If Saint-Eustache is deconsecrated, its next use might be as a museum for the rebellion. There already is such a museum, at Montreal’s former Pied-au-Courant jail, where more than 1,300 Patriotes were imprisoned – and in some cases, hanged. A Saint-Eustache museum could be a more local affair, focused mainly on the actual battle. It would no doubt become a client of the provincial government.

It would also change into a full-on house of nationalist memory. As the church becomes ever weaker, institutions such as Saint-Eustache – and Notre-Dame de Québec, the oldest Catholic parish in North America – are increasingly recontextualized within political and civic history.


(The church’s mission) is not to maintain heritage buildings, but to proclaim the word of Jesus Christ.

A spokesman for the diocese of Saint-Jérome

The same thing is happening to sacred personalities. In March, sculptor Yann Pocreau was revealed as the winner of a competition to create a public art work in the Old Port of Montreal, at the new $78 million cruise terminal at Alexandra Pier. Mr. Pocreau’s arching metal sculpture is meant to commemorate three women involved in the early history of Montreal: Jeanne Mance, Marguerite Bourgeoys and Saint Marguerite d’Youville.

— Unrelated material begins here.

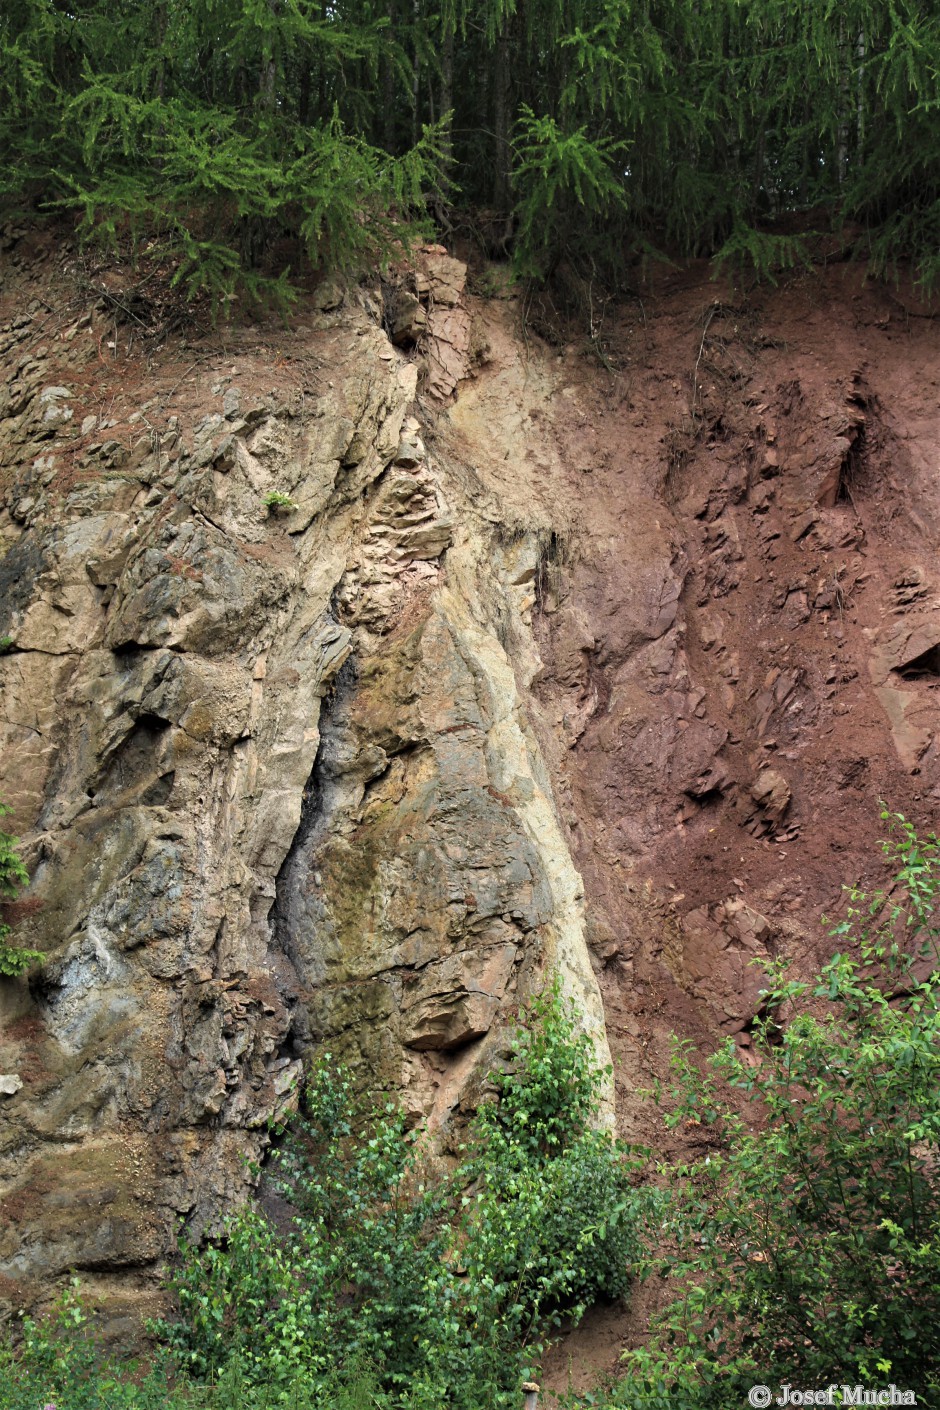 Malé Svatoňovice - bunkr - rozhraní červenohnědých permských a šedých křídových sedimentů - detail

All three women were major figures in the establishment of Catholic orders and hospitals in the city. Their apotheosis at an entirely secular spot devoted to tourism is another step in defining them primarily as historic civic personalities, rather than as saintly Catholics.

Ironically, d’Youville’s dwindling order, the Sisters of Charity of Montreal (Grey Nuns), quit their last stronghold in Old Montreal a year ago, because there aren’t enough nuns left to run it. Half of the building will remain a museum, while the rest may become offices for the University of Montreal.

A spokesperson for the Grey Nuns says the order, which sold its gigantic convent to Concordia University in 2007, will lose its last aging member within 30 years. With the candles out in the Sisters’ deconsecrated chapels, it will be up to the city to keep a flame burning for the Catholic heroes of old.